Europa wil opnieuw troepen sturen naar West-Afrika om Russische dreiging te counteren

Europa doelt op de uitrol van nieuwe Europese missies in verschillende West-Afrikaanse landen, om daar de invloed van Rusland tegen te gaan. Dat blijkt uit een “strategisch overzicht” van de EEAS, de Europese dienst voor extern optreden. De situatie in Mali, waar Europese troepen werden geboycot en Russische huurlingen met open armen werden ontvangen, vormt de rechtstreekse aanleiding.

In het dossier, dat door nieuwswebsite EUObserver kon worden ingekeken, wordt allereerst gekeken naar de situatie in Mali. In dat land, dat geteisterd wordt door staatsgrepen, burgeroorlogen en terreurgroepen, was een grote Europese troepenmacht aanwezig. Frankrijk, dat vroeger de koloniale overheerser was, had tot voor kort meer dan 5.000 soldaten in de Sahel-regio. Ook Estland, Denemarken, Zweden en het Verenigd Koninkrijk leverden soldaten.

Naast de Franse missie zou ook vanuit de Europese Unie een operatie op poten worden gezet, Taskforce Takuba, waar 250 Belgische militairen aan zouden deelnemen. Begin dit jaar begon het sentiment in Mali echter te keren, en verzette bevolking en politiek zich plots tegen de westerse steun. Wie wel met open armen ontvangen werden, waren de Russische huurlingen van Wagner Group, een privémilitie in handen van Yevgeny Prigozjin, een nauwe vriend van de Russische autocraat Vladimir Poetin.

Mali en Sahel

In het rapport van de EEAS staat ook duidelijk vermeld dat een toekomstige samenwerking met Mali afhangt van twee zaken: allereerst moet er in Mali de wil en toewijding zijn om samen te werken, en moet het daar ook naar handelen. Ten tweede moet het land kunnen garanderen dat de EU-troepen kunnen handelen naar wat hun missie hen opdraagt. De EEAS noemt de aanwezigheid van met Rusland geaffilieerde troepen een gevaar voor de EU-missie.

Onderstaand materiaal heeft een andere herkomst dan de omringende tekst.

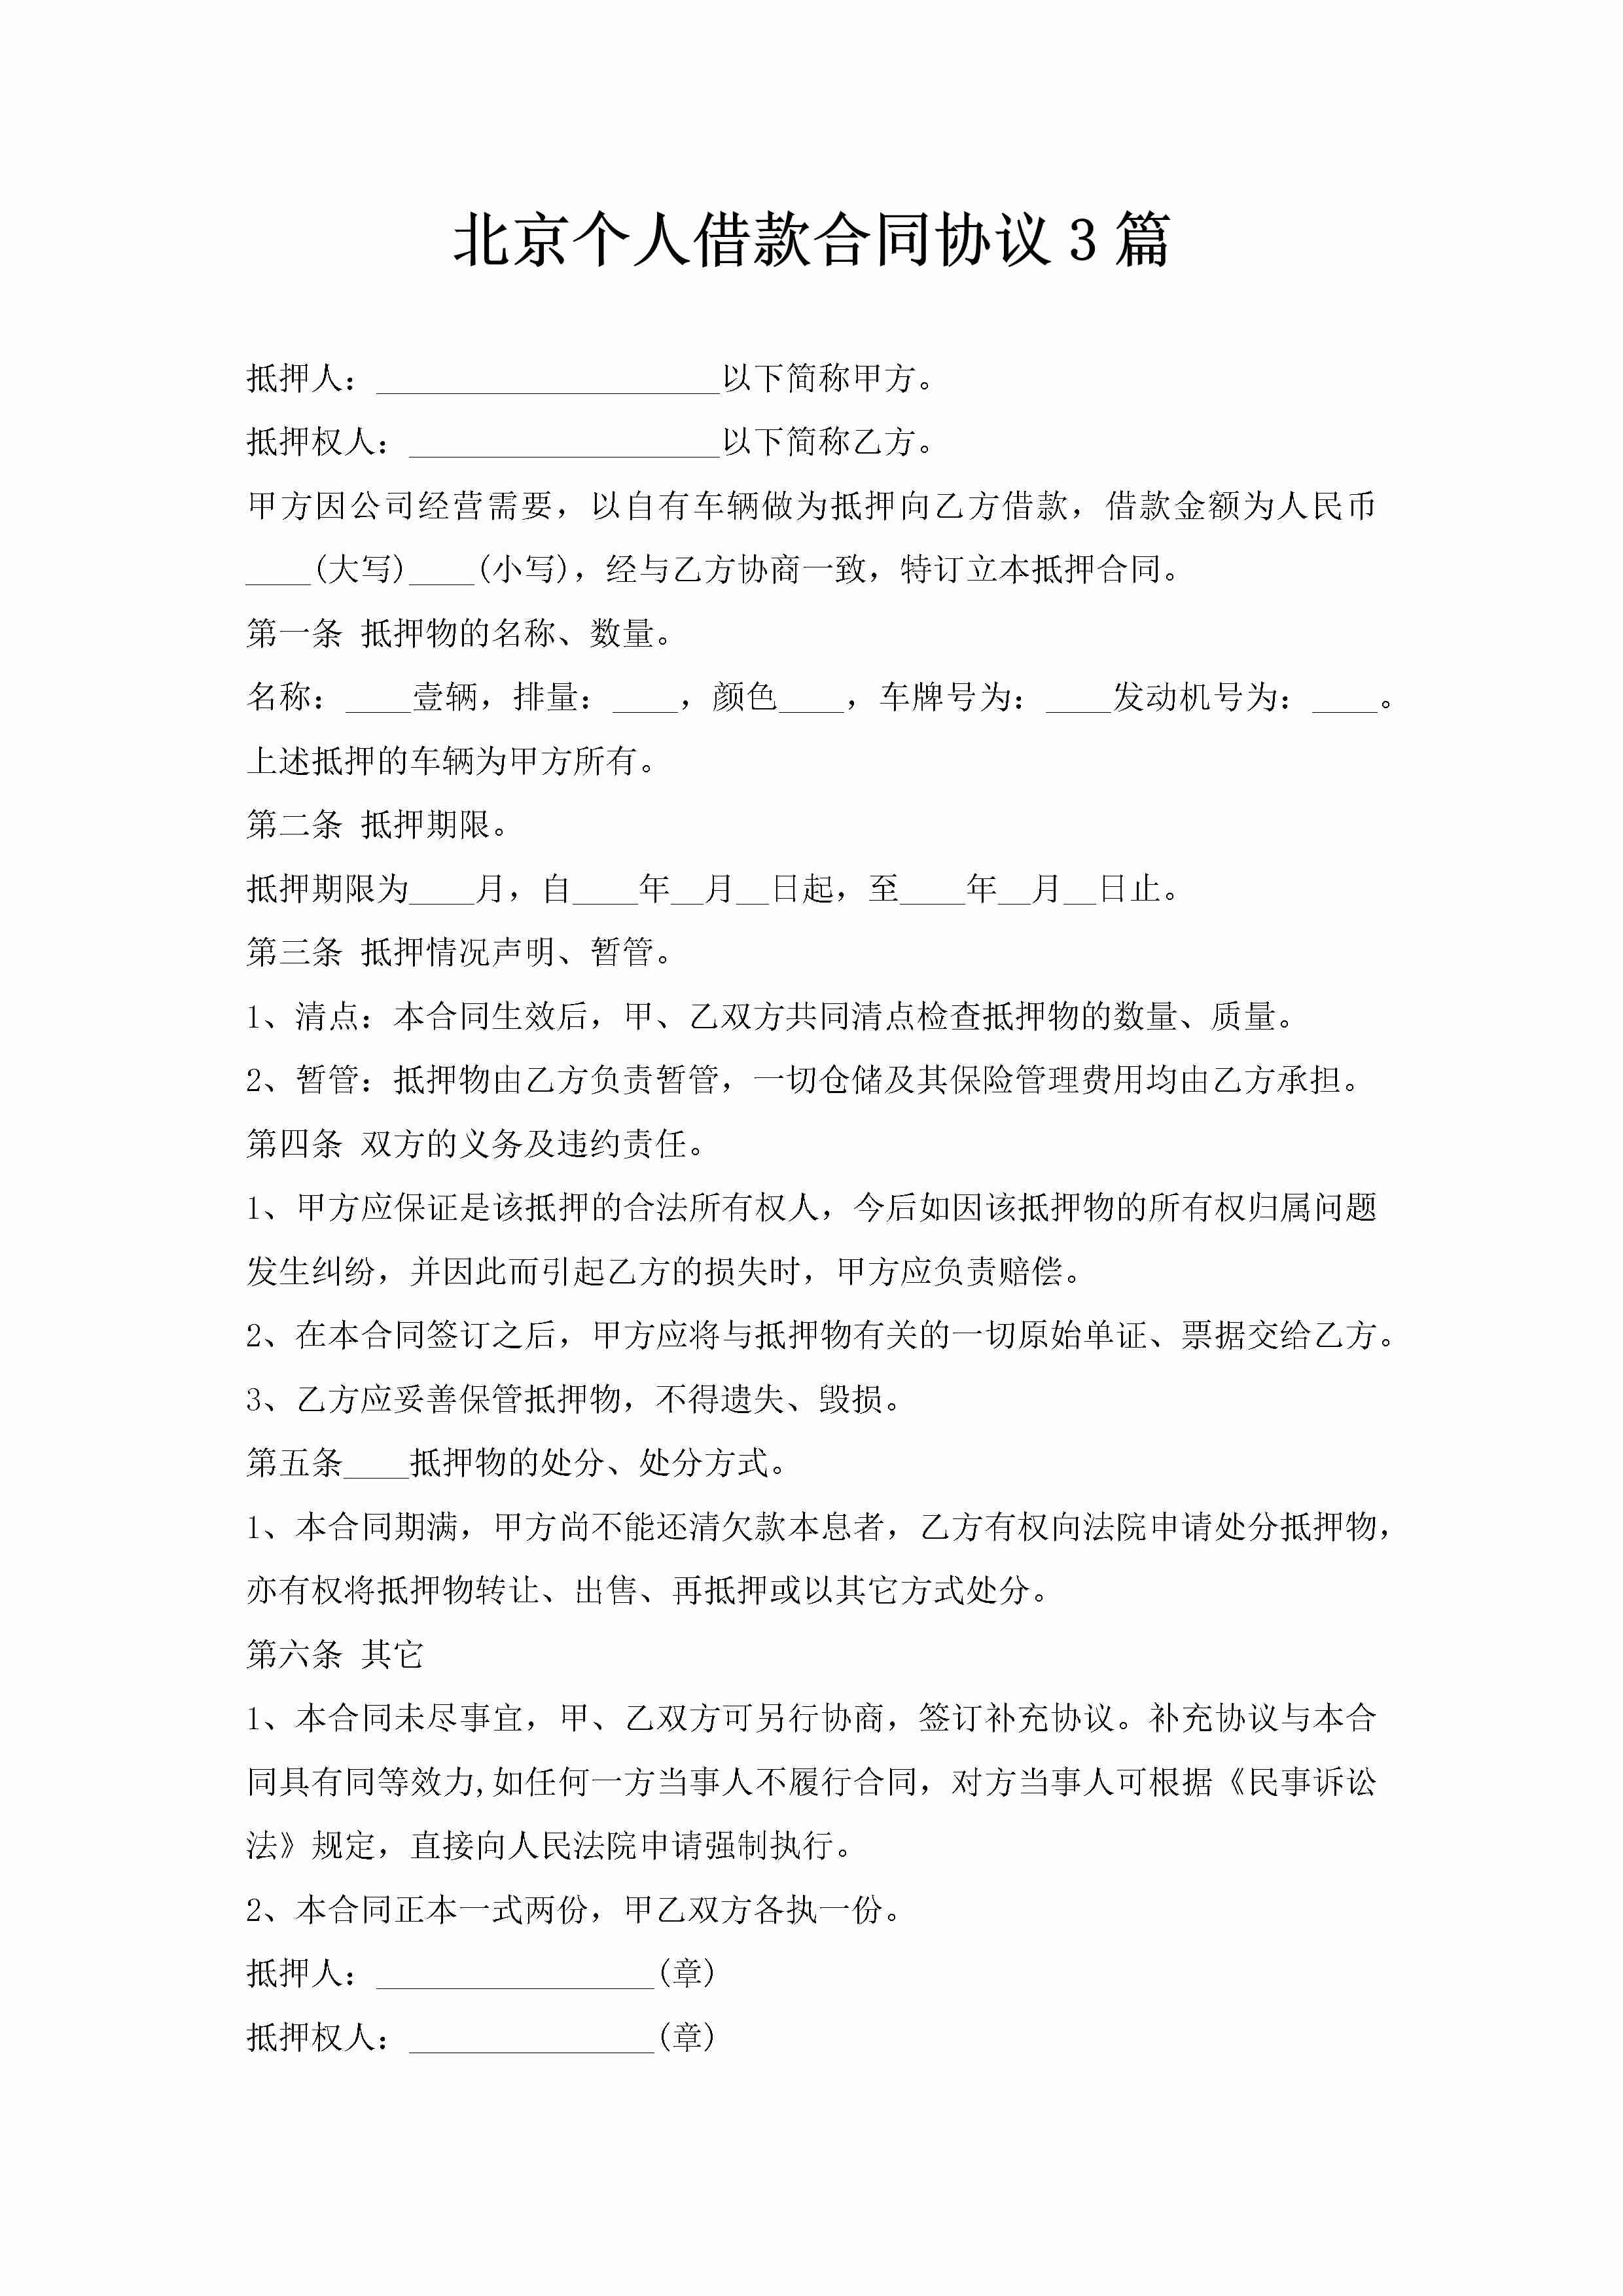 北京个人借款合同协议3篇-聚给网

Toch is er op Europees niveau nog steeds een bereidwilligheid om de soldaten en agenten in Mali verder op te leiden, om het land zo te wapenen tegen terroristen en interne conflicten, en wil het ook zelf actief helpen de terreurgroepen in de regio te bestrijden. Ook in buurland Niger, dat met grotendeels dezelfde problemen kampt, zou een bijkomende EU-missie tot de mogelijkheden behoren.

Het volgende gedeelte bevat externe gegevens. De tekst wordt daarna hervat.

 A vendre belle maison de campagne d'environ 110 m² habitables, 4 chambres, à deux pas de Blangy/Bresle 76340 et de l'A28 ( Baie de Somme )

Ook in Burkina Faso, dat aan beide landen grenst, bekijkt de EU de mogelijkheid om soldaten te sturen. Dat land heeft echter twee petjes: het vraagt de steun van Europa, maar stuurde ondertussen een militaire delegatie naar Mali, waarvan de EU vermoedt dat ze de mogelijkheid bekeken om ook een beroep te kunnen doen op de Russische huurlingen. “De mogelijkheid van het Malinese model in Burkina Faso en de inzet van Russische huurlingen kan niet worden uitgesloten”, waarschuwt de buitenlanddienst van de EU in het rapport.

Ook meer zuidwaarts

De inzet van Europese troepen lijkt zich echter niet te beperken tot de Sahel-regio. Ook meer zuidwaarts, aan de kust van de Golf van Guinee, wil de EU een basis uitbouwen. Van daaruit kunnen Europese soldaten naar andere landen in de regio worden gestuurd, om daar de lokale legers en politiediensten de nodige professionele training te geven. Ook in deze regio heeft het plan zijn oorsprong in het verleden: de Europese Unie leverde soldaten aan de Centraal Afrikaanse Republiek, tot ook daar vorig jaar Wagner-soldaten opdoken en gruwelijkheden begingen.

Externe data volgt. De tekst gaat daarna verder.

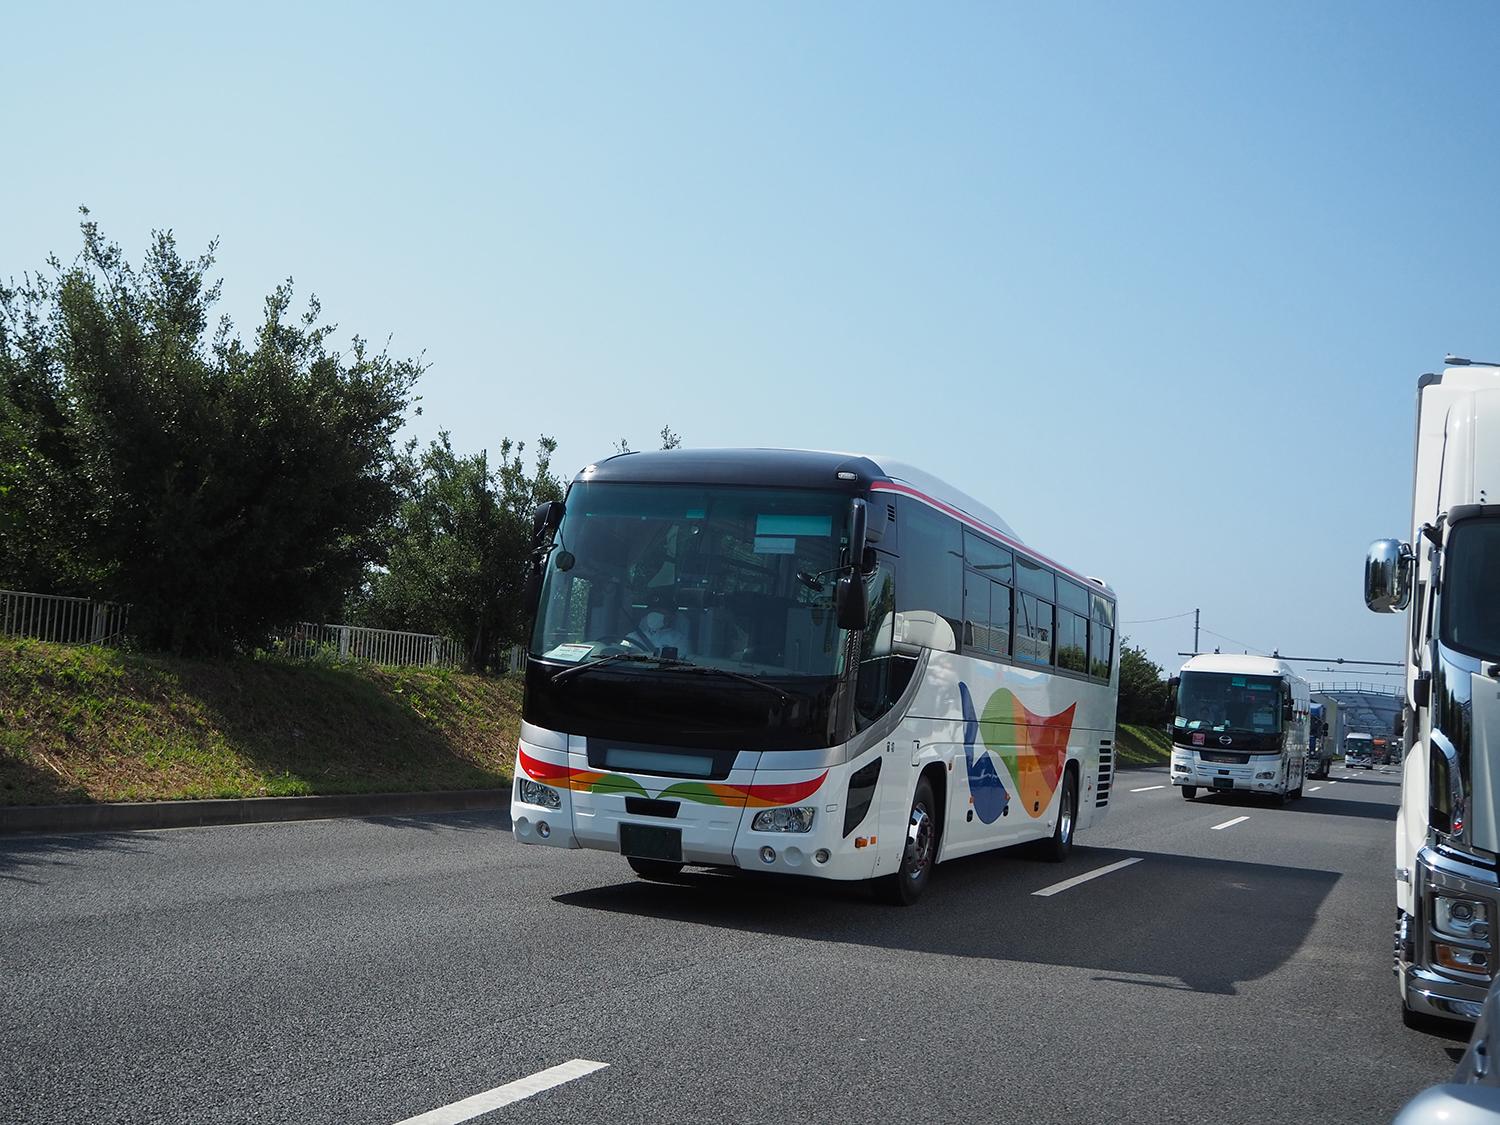 オリンピック関係者輸送用に手配された地方の観光バスの走行シーン

Ondertussen is het land zo hard opgeschoven in de Russische invloedssfeer, dat kinderen er ondertussen Russische les krijgen. Ook bood de regering Poetin aan dat het soldaten naar Oekraïne zou sturen, om te helpen vechten aan de kant van Rusland.

Het rapport van de EEAS moet dus een antwoord bieden op al die problemen, en moet vooral zorgen dat niet nog meer Afrikaanse landen in de Russische invloedssfeer terechtkomen. Daarvoor is de militaire aanwezigheid in de regio nu eenmaal noodzakelijk, en lijkt dus ook een terugkeer naar Mali en op termijn de Centraal-Afrikaanse Republiek geen overbodige luxe.